Previous studies (Blumstein et al., 2005) showed that, in a regression analysis, activation in the bilateral superior temporal lobes correlated with the typicality of a stimulus as a member of its phonetic category, but not with the overall difficulty of the phonetic decision as measured by reaction time. As mentioned previously, similar results were found by Binder and colleagues (Binder et al., 2004), who found that activation in the anterior superior temporal lobes was correlated with accuracy scores on a phonetic discrimination task. These accuracy scores were presumed to reflect the ‘perceptibility’ of stimuli presented in noise. In that study, accuracy and perceptibility were confounded, raising the possibility that the temporal activation observed was not the result of the increased processing required as the signal to noise ratio decreased, but to factors related to accuracy - for instance, response certainty or degree of attentional engagement. In the present study, all stimuli with the exception of one token were perceived with near ceiling consistency. These results therefore support Binder et al.’s claim that activation in the temporal lobes is related to perceptual processing rather than to other factors.
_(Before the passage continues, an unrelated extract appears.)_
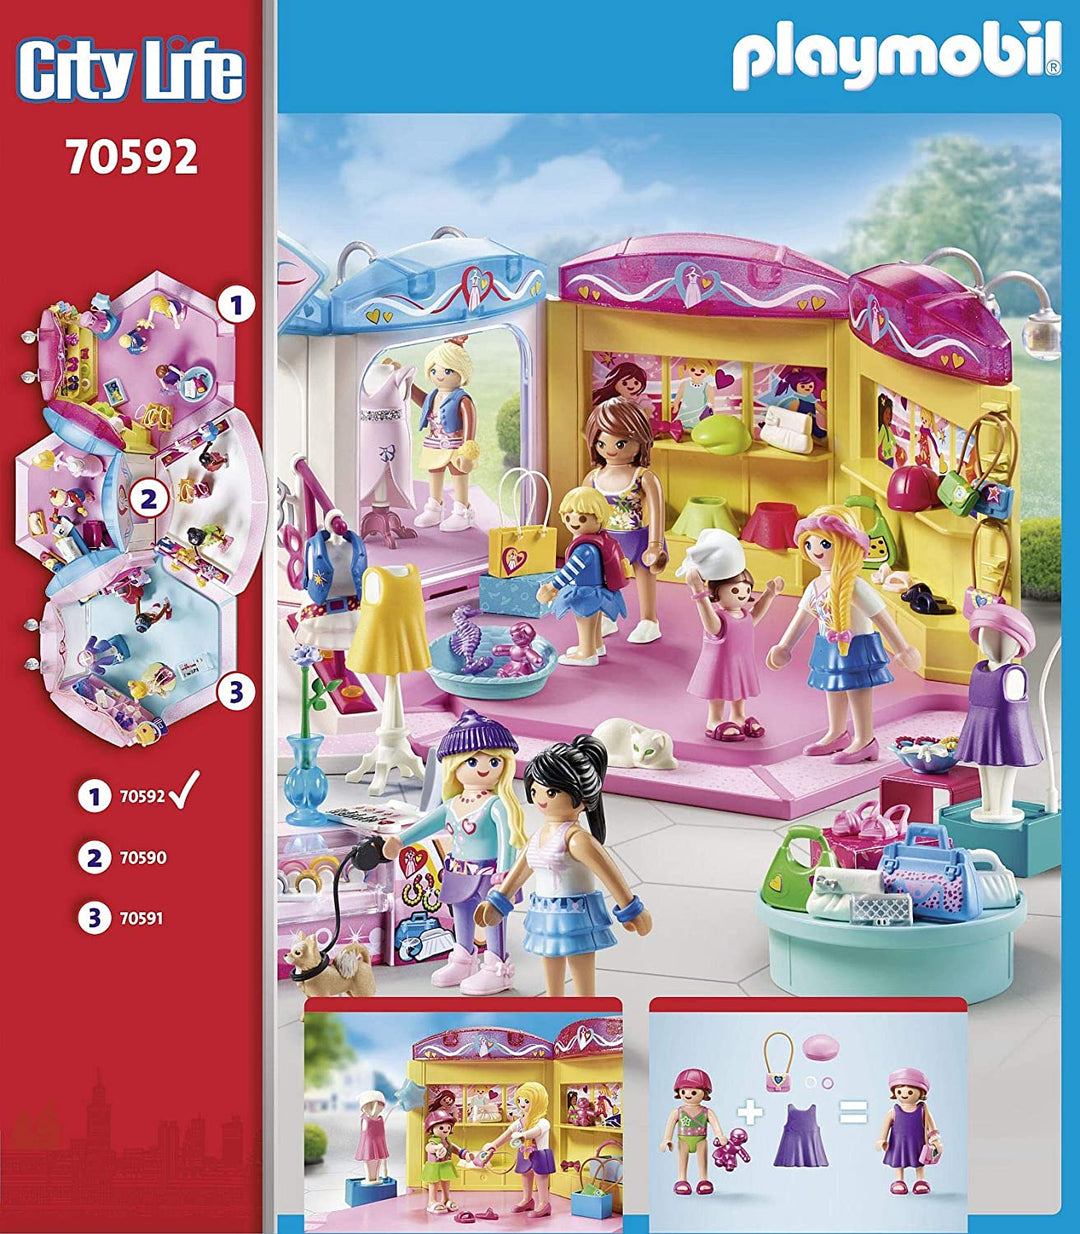 Playmobil 70592 City Life negozio di moda per bambini

Curiously, the direction of correlation between activation levels and perceptual measures was opposite in the present study to the findings in the Binder et al. (2004) study. That is, Binder and colleagues showed increasing activation to tokens which were presented with a higher signal to noise ratio, and which would presumably require less processing to resolve their phonetic identity. In contrast, the results of the present study showed increasing activation to poorer tokens in a phonetic category, which should require more processing to resolve their phonetic identity. This difference in results cannot be resolved on neuroanatomical grounds - although the clusters reported in the Binder study are anterior to those reported in the current study, there appears to be a large degree of overlap between the clusters reported in these two studies.

One possibility for the difference between the two studies lies in the difference between the stimuli used. The Binder study used two synthesized speech tokens, ‘ba’ and ‘da’ which were both presumably good exemplars of their phonetic category. These tokens were presented in pairs at a variety of signal to noise ratios. Thus, the difficulty of the task varied as a function of the perceptibility of the stimuli in noise, not as a function of the processing resources needed for resolving variations within a phonetic category. Given that the superior temporal lobes have been shown to be sensitive to the acoustic properties characteristic of human speech (Belin, Zatorre, & Ahad, 2002; Belin, Zatorre, Lafaille, Ahad, & Pike, 2000; Zatorre, Belin, & Penhune, 2002), an increase in activation in the Binder (2004) study may reflect simply the perceptibility of the stimuli as speech. In contrast, in the current study, all stimuli were equally perceptible as speech tokens. As such, the activation patterns in the current study may reflect the temporal lobes’ responsiveness to human speech, modulated by the degree of fit of each token to its phonetic category. In sum, the superior temporal lobes seem to show sensitivity to tokens which deviate from the expected or prototypical stimulus, whether this deviation is the result of global changes in perceptibility due to presentation in noise (Binder et al., 2004) or due to the graded structure of phonetic categories (Blumstein et al., 2005; Guenther et al., 2004).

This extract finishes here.